Выдвигался и Клеветник. На Совете его лично выдвинул Претендент и
поддержал Академик. Зал аплодировал. Все ходили радостно возбужденные и
говорили, что наступили новые времена. Да, говорили одни, процессы истории
необратимы. Историю не повернешь вспять, говорили другие. Как ни крутись, а
время делает свое неотвратимое дело, говорили третьи. Все жали руку
Претенденту и восторгались его мужеством. Выдвинуть самого Клеветника, да за
это раньше к стенке поставили бы. Еще два года назад об этом даже подумать
никто не смел. Ехидничали по поводу согласия Клеветника баллотироваться. Вот
вам и бескорыстие ученого, шептались в коридорах бездельничающие младшие и
старшие сотрудники со степенями и без степеней. У него дача дай бог всякому,
говорил один бородатый юноша. И квартирка дай бог всякому, говорила только
что защитившая диссертацию по новейшим направлениям девица с чрезмерно
развитыми формами. Лекции он читал отвратительно, говорило третье существо
неопределенного пола. К тому же он безнадежно отстал, сейчас ведущая роль
принадлежит ньюфаундлендской школе. Почитайте мою статью в Журнале.

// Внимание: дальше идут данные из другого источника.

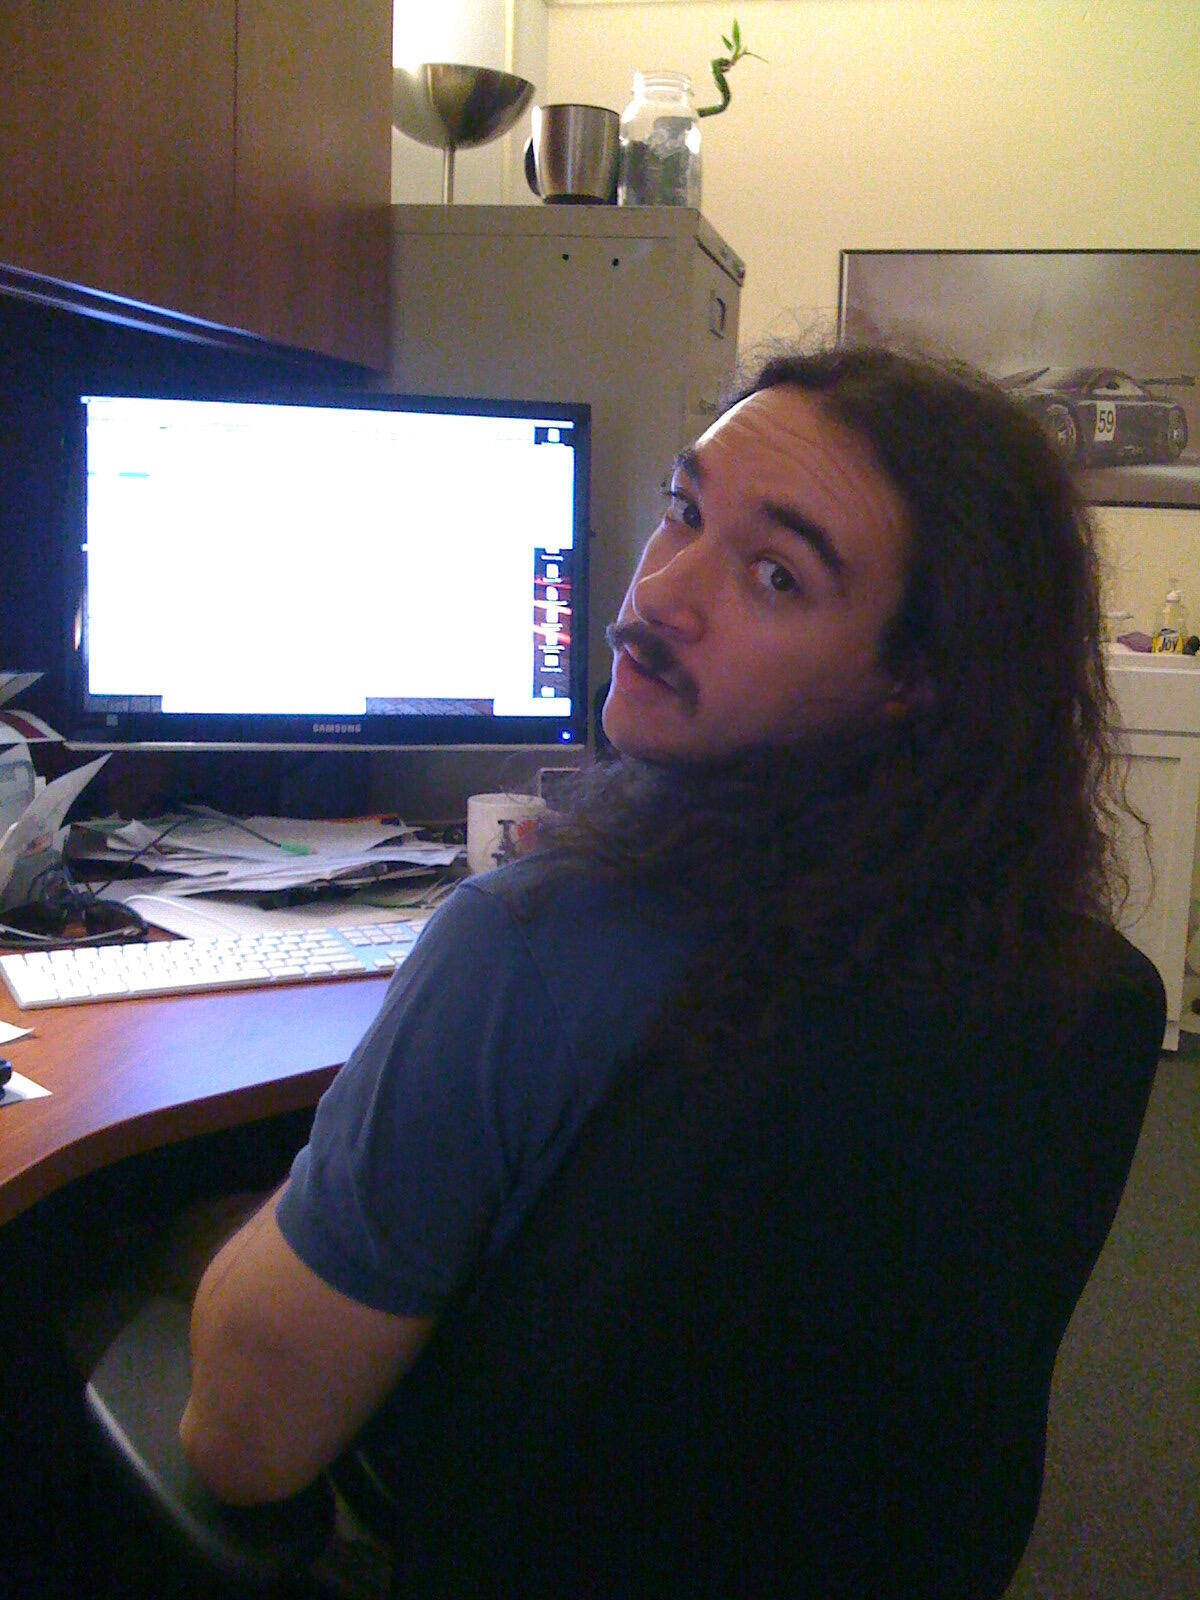 matt looking suave at his desk with long hair

Клеветник в избрание не верил. Но документы каждый раз подавал для
коллекции отказов. Он уже собрал несколько десятков отказов в поездках на
конгрессы, симпозиумы, коллоквиумы и лекции, в избрании в Корреспонденты, в
присуждении премий и т. п. Теперь, говорил он, его коллекция украсится еще
одним ценным экспонатом. На отборочной комиссии Академик произнес
двухчасовую речь о творчестве Клеветника. Конечно, говорил он, Клеветник
неосторожен в выражениях, груб с начальством и никудышный организатор.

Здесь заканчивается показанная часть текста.